Thursday, February 16, 2012

Community Coffee: French Vanilla Roast

Life is either a daring adventure or nothing.
                                 Helen Keller




Welcome to the second love of my life...Juno!  She is the sweetest baby I know next to my dearest Cookie Monster.  Chris has most fortunately returned from Iraq much earlier than expected, so we are back in El Paso muddling through life and cleaning up way too much dog urine.  

Since graduating and receiving my teacher certificates, I have yet to find a job.  This challenge leaves me constantly stressed and frustrated, but also brings me closer to God.  I like that we live relatively far from base because it guarantees me enough time to pray and focus on God while driving.  Speaking of, God blessed me with a car!  I no longer have to depend on Chris and his work schedule to go anywhere and continue on my job hunt.  

Lent will be arriving soon.  Time just seems to fly by right now.  I'm still contemplating what I will do for Lent to bring me closer to God and find that inner joy that sustains my life.  I do not just want to give something up, but give back to the community.  One of the biggest challenges I face with Chris is our different views on religion.  I try not to define my relationship with God through religion.  Catholicism is one way stay connected with my Father, however my relationship is personal.  Chris and I were talking about the health bill Obama wants to pass.  This bill requires all employers to provide health insurance that covers abortion and contraceptives.  How can the Catholic church be expected to provide healthcare that directly conflicts laws?  Although I do not believe in abortion, I believe that each decision is between God and that woman.  It was an interesting conversation that really made me love him more, if that's even possible.  We also discussed confession.  The great debate that Chris believes is a terrible concept.  I tried to explain to Chris the purpose of confession through my understanding.  Telling a priest, hopefully the most upstanding moral person within the community how you have sinned (rather intentionally or not) simply keeps accountability.

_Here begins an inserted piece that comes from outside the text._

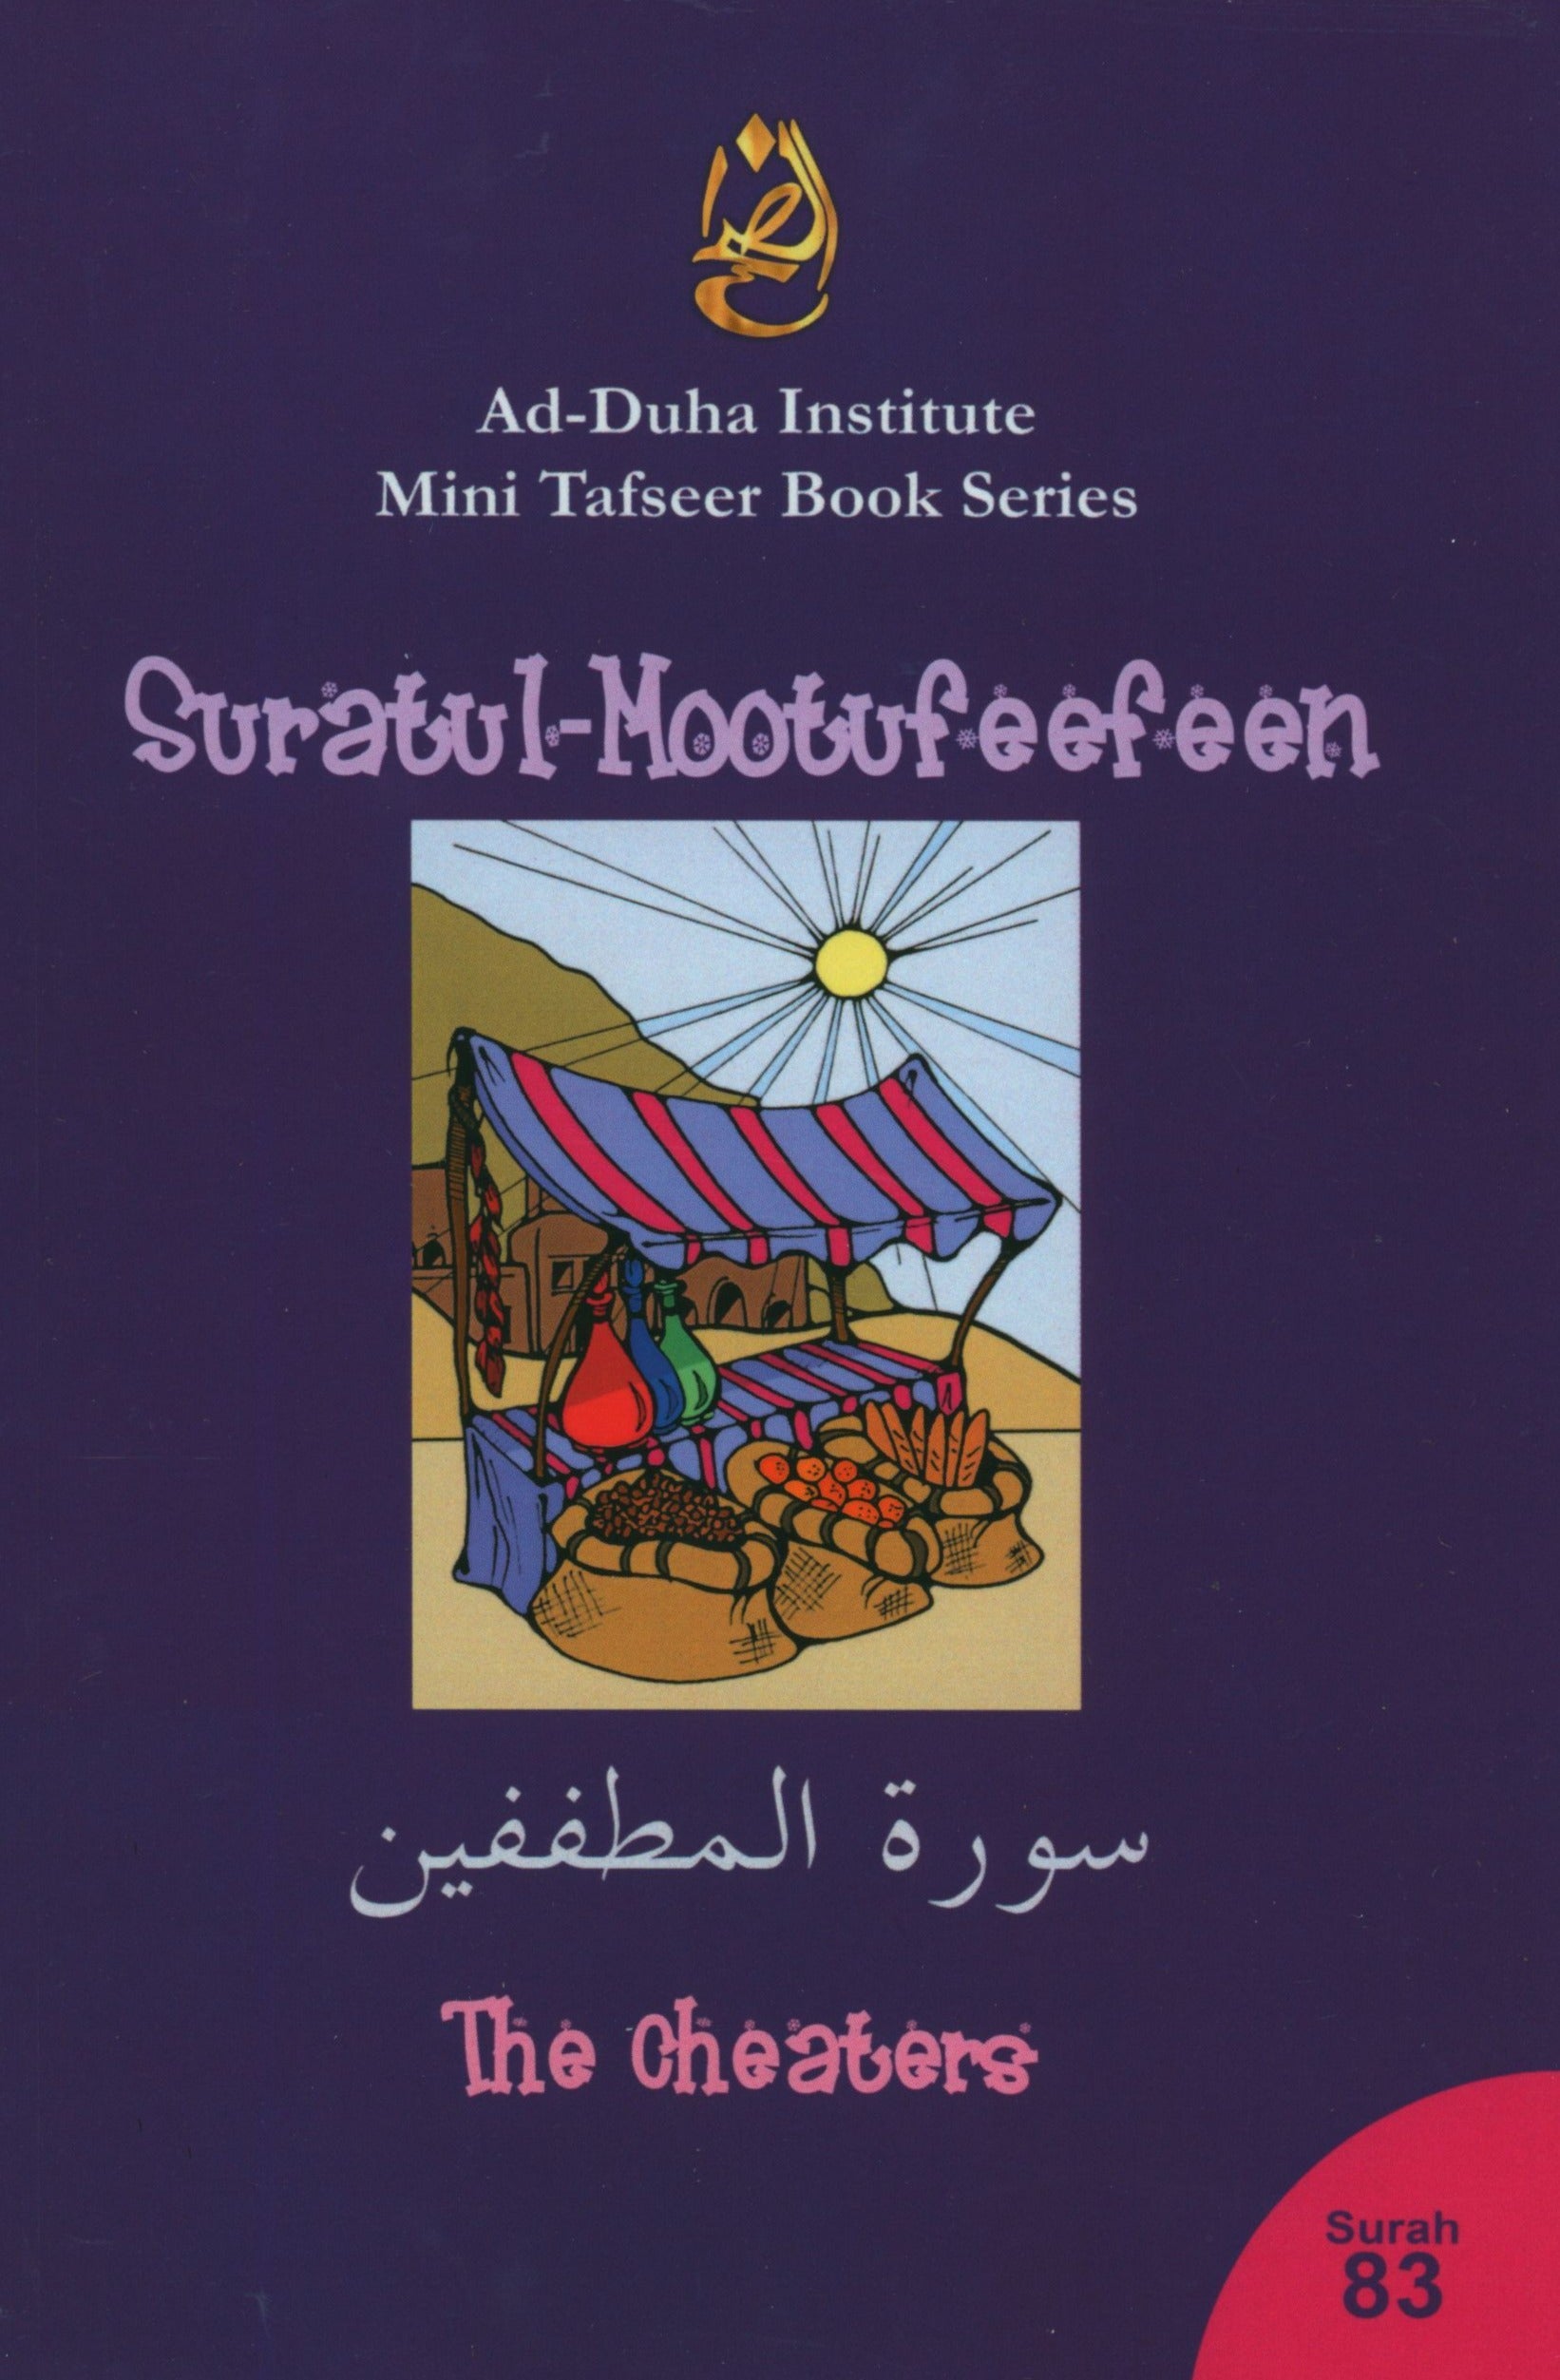 Mini Tafseer Book Suratul Mootufeefeen (Surah 83)

Yes, you should and have probably talked to directly to God about it, but having to tell someone else who can also intercede on your behalf, (kind of like Jesus did for our sins) really makes the act of Forgiveness huge and meaningful.  It's not a requirement, but it's there for those of us that need that extra push and maybe a kick in the butt to fix ourselves.   

Anyways, basically my life is slowly coming together, as our apartment.  We really have so much to be thankful for in that we have furniture, vehicles and money in our bank account to sustain our lives.